This is a wonderfully clear, but rather limited statement of the position of marxist theory in relation to both Weberian and socially-relativist conceptions of “social science, “ written by a current proponent of the Dutch-German Left Communist tradition, Paul Mattick Junior. It criticizes and rejects classical models of the operation of “social science,” especially Weber, and then wrestles at length with Peter Winch’s relativist criticism of Weber, his rejection of the anthropologist as an outside analyst of a society drawing conclusions with which the participants in the society would disagree, and his ultimate rejection of the possibility of social science itself. Mattick is both harsh and fair with Winch, completely rejecting his framework while showing how some of his concerns are actually quite close to Marx’s. The book goes on to give a vicious smacking to professional economics - always a fun pastime - and lay out elements of the marxist understanding of the production of systematic knowledge about society, concluding with situating marxism as a tool of the proletariat to be made use of and dispensed with as the capitalist mode of production which gives rise to it is done away with.

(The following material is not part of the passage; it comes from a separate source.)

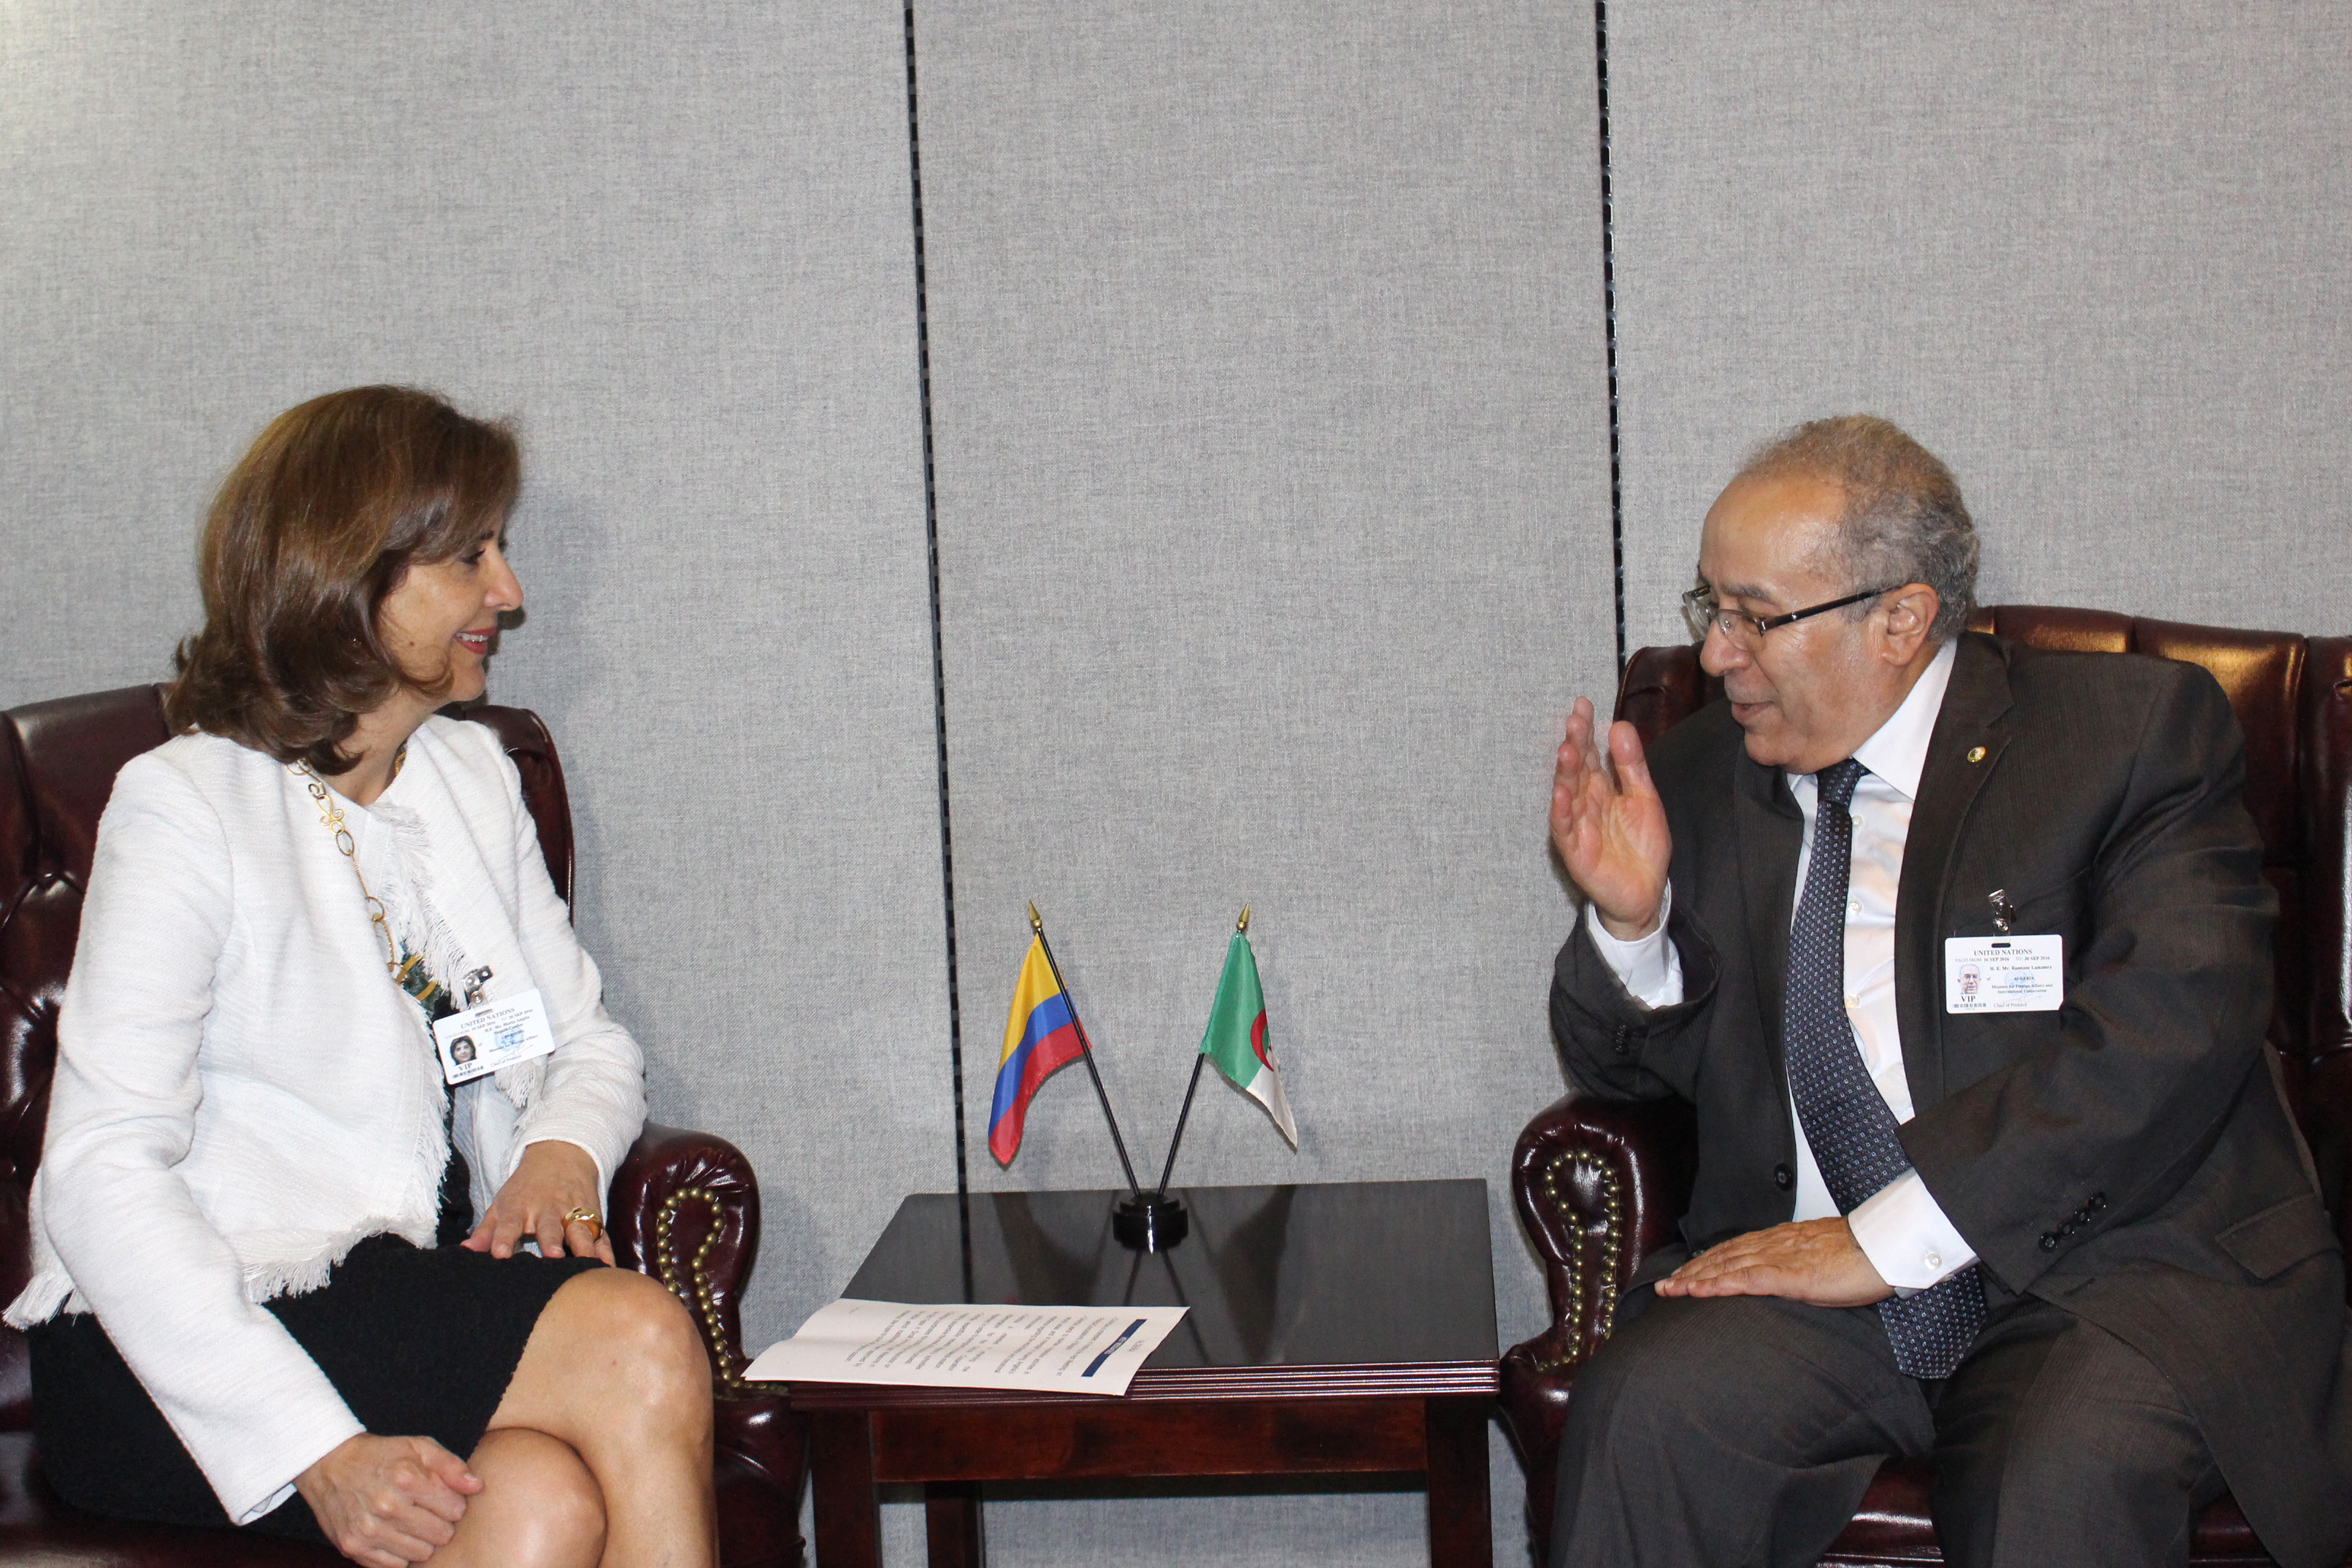 La Ministra de Relaciones Exteriores, María Ángela Holguín, sostuvo una reunión bilateral con el Ministro de Estado de Asuntos Exteriores y de la Cooperación Internacional de Argelia, Ramtane Lamamra, en la cual se destacó la importancia del Acuerdo de Paz en Colombia, y se manifestó el interés en cooperar en materia de reconciliación y justicia transicional.

The explanations Mattick gives of the marxist methods for understanding societies are excellent, and sometimes brilliant, and his criticisms of Weber and Winch are convincing, considered and subtle. He stays so much on the level of critique of social science methodology and its internal criticisms, however, that he neglects fully performing the crucial step of analyzing the social conditions that gave rise to social science beyond a very general theoretical confirmation of its being specific to capitalism. Neither colonialism nor the social management of the proletariat are brought up - absolutely puzzling for a book on this topic; this is despite the fact of formative social science being directly involved in both the colonial projects of European states and the transformation of bourgeois “philanthropic” efforts to mollify the proletariat and prevent uprisings into modern social-containment industries such as social work. Neither is the question of how the division of labor in societies shapes day-to-day consciousness and the production of scientific knowledge taken on. This historical investigation into the conditions producing the consciousness of the social scientist is fundamentally important to the project that Mattick takes on; without it, the book is incomplete and unable to fully explain the fundamental contradictions in professional sociology, anthropology and economics.
For this reason, I’ve given three rather than four stars. I would encourage readers to give it a go anyway - it’s short, concise, and well worth the read. Just do your best to remain highly conscious of how partial and short-circuited of an explanation it is.